▼▼▼

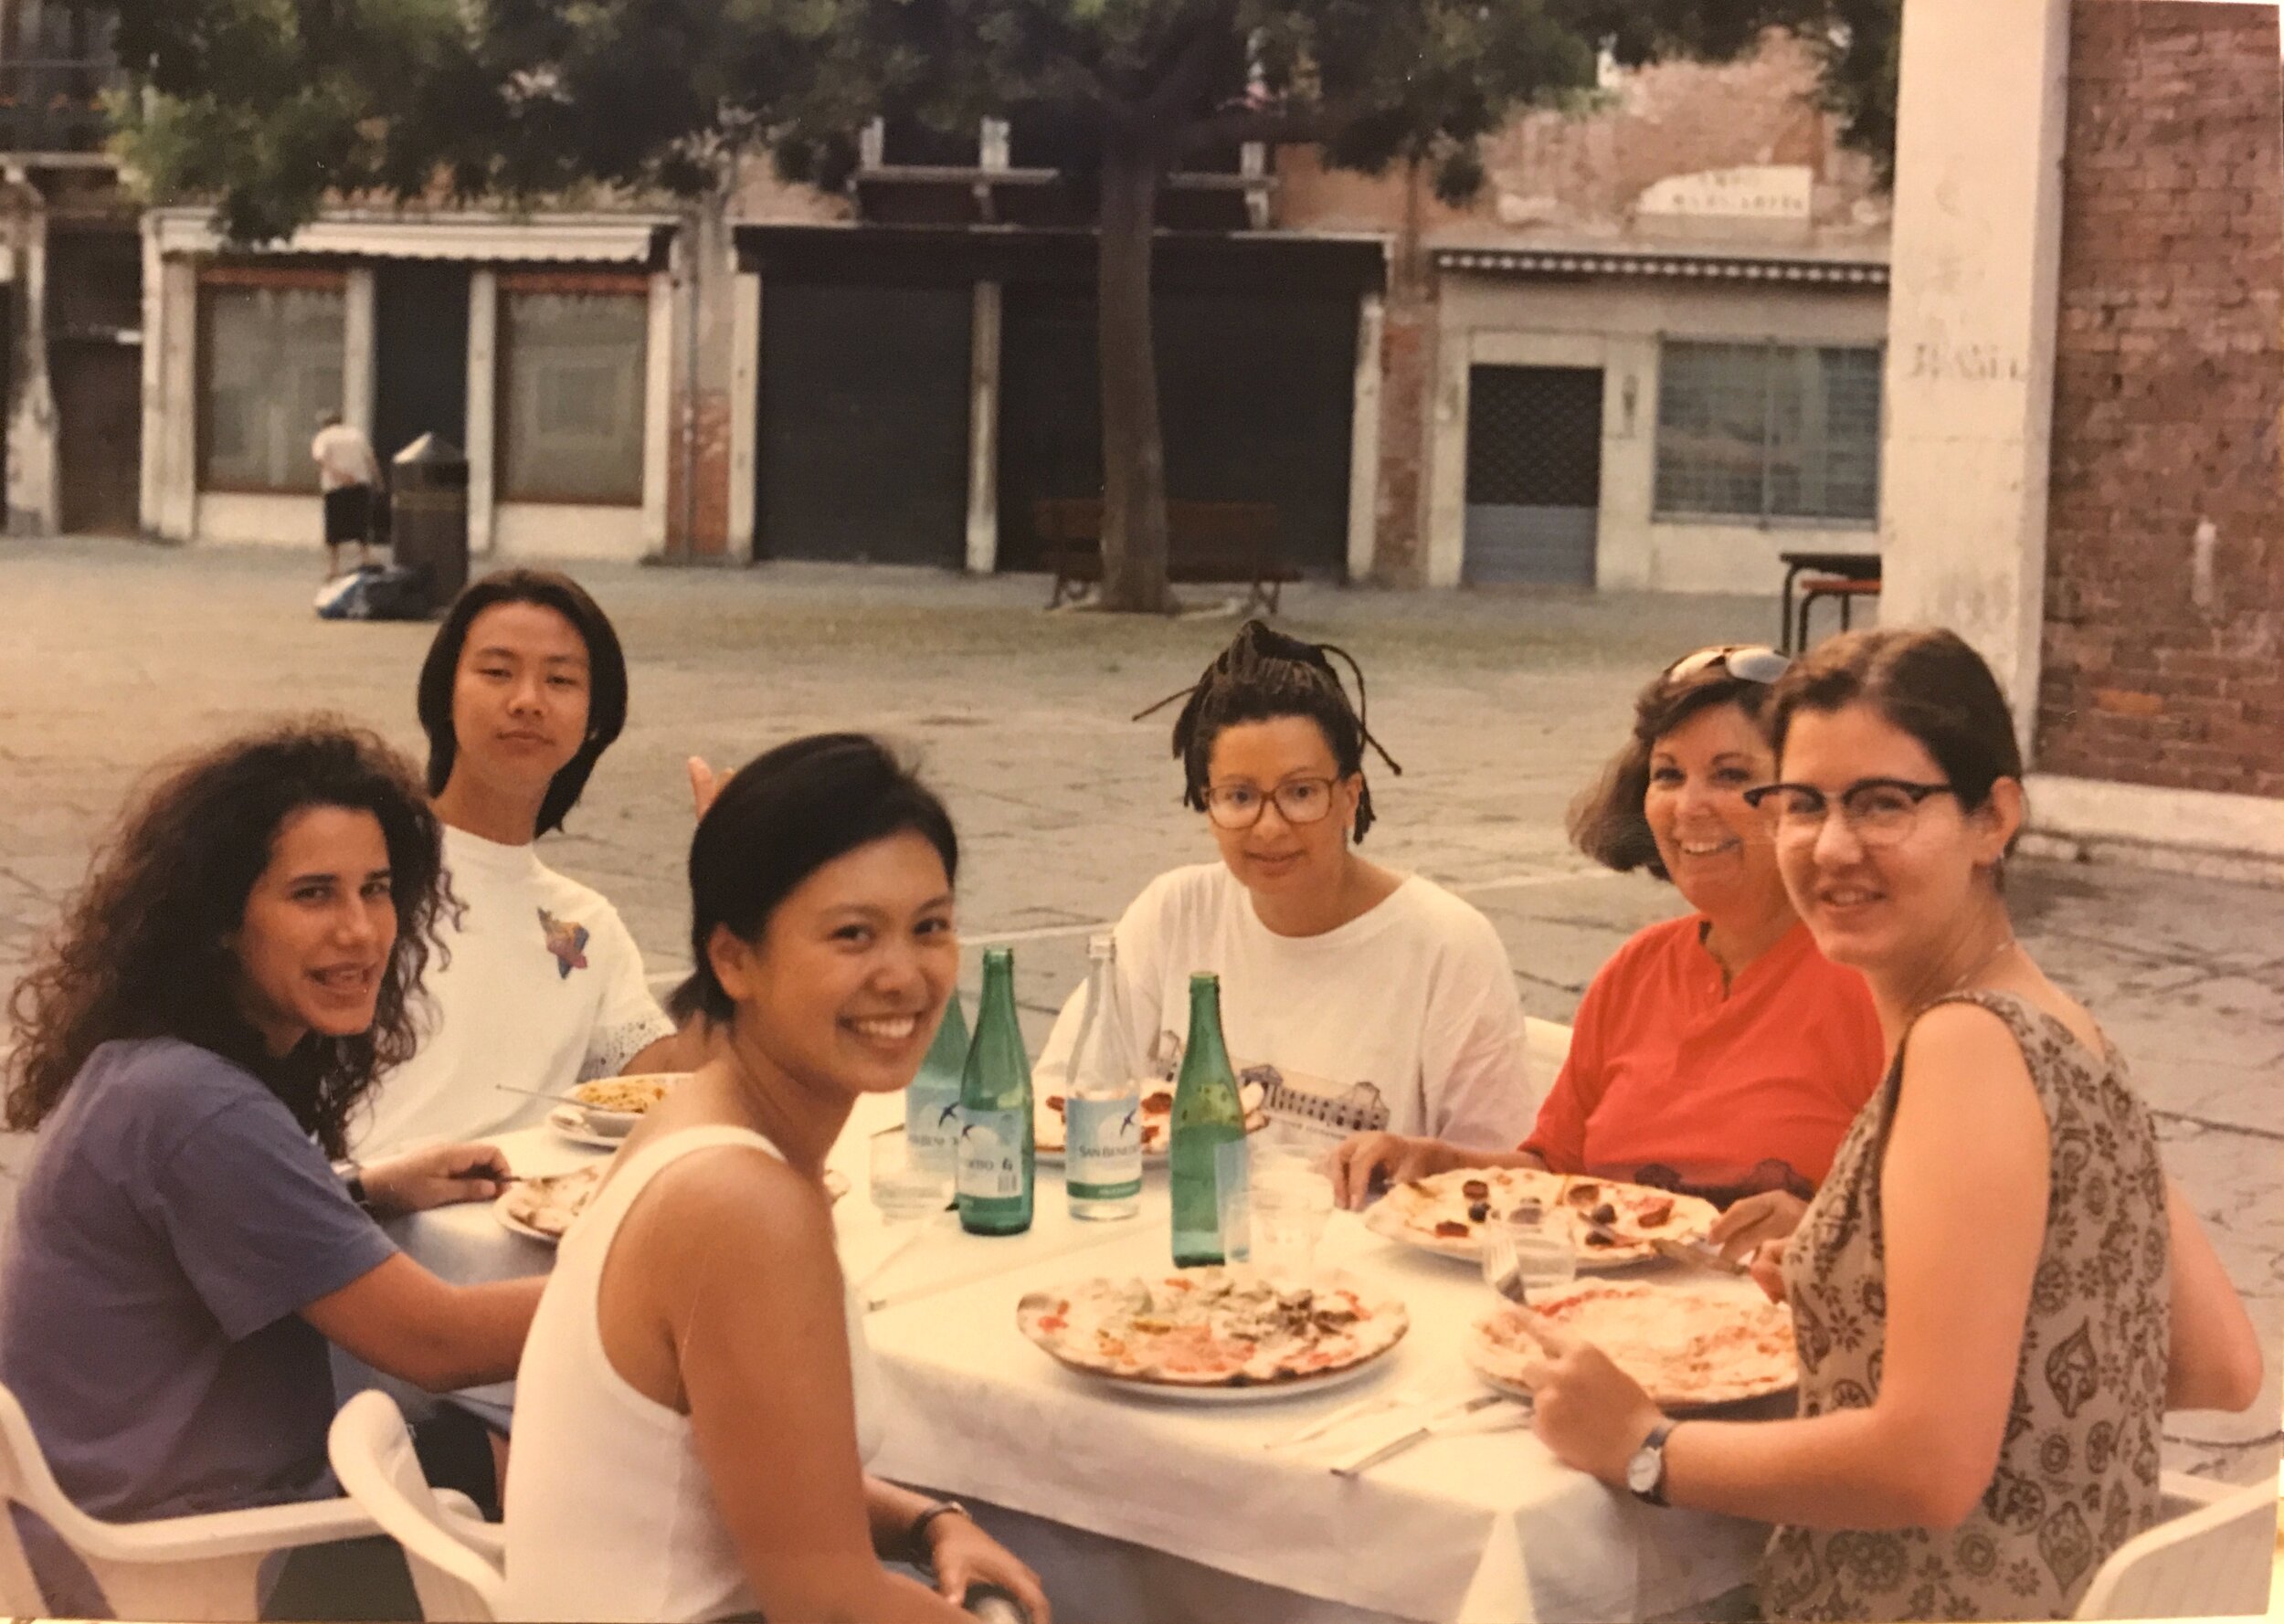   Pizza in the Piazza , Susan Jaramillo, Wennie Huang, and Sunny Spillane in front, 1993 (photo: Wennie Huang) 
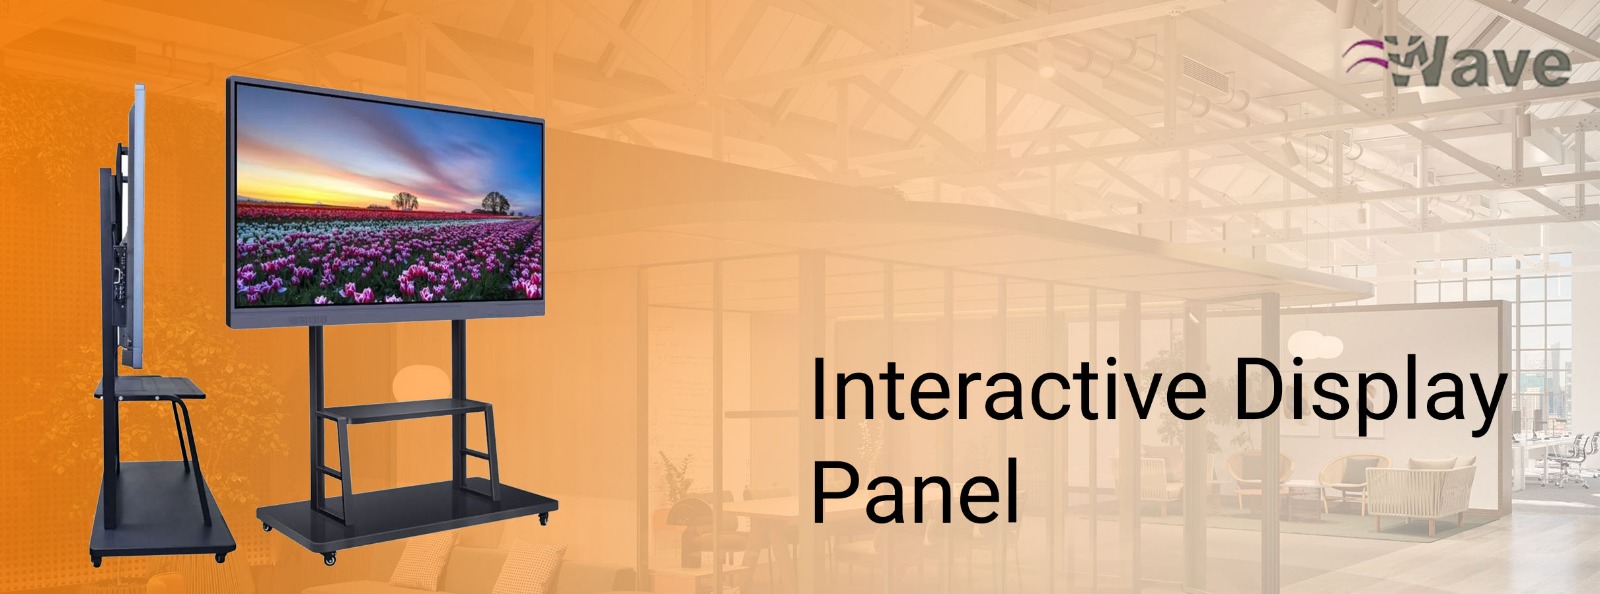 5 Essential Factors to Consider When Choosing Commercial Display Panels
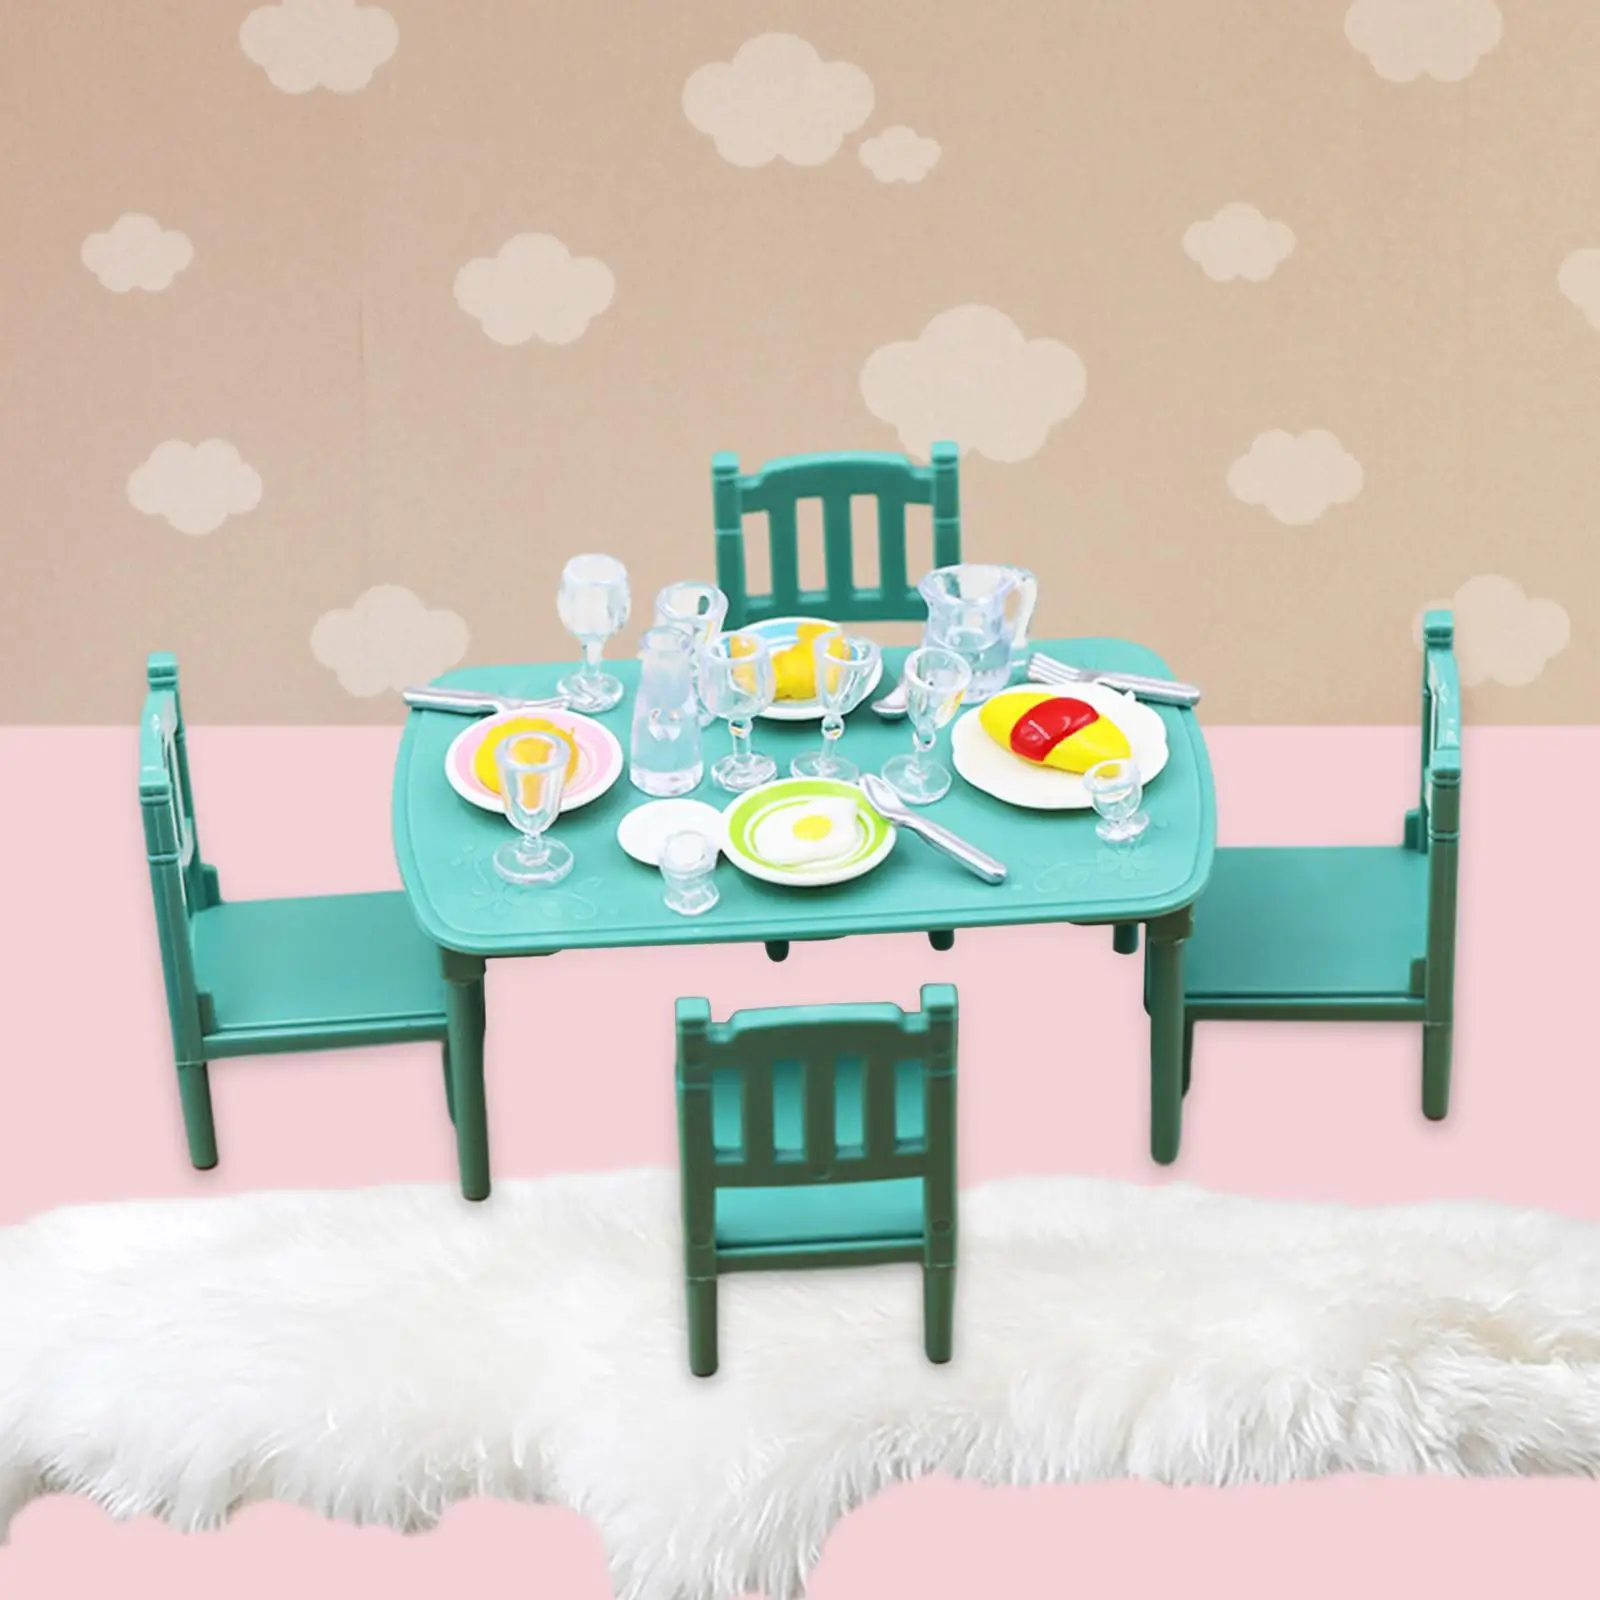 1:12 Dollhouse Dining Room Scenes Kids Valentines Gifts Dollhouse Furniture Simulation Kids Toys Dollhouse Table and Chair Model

▲▲▲

- [PROMPT]: Pictures are to be left out; all other data must be returned exactly.

- [EXPECTED OUTPUT]:
   Pizza in the Piazza , Susan Jaramillo, Wennie Huang, and Sunny Spillane in front, 1993 (photo: Wennie Huang) 
 5 Essential Factors to Consider When Choosing Commercial Display Panels
 1:12 Dollhouse Dining Room Scenes Kids Valentines Gifts Dollhouse Furniture Simulation Kids Toys Dollhouse Table and Chair Model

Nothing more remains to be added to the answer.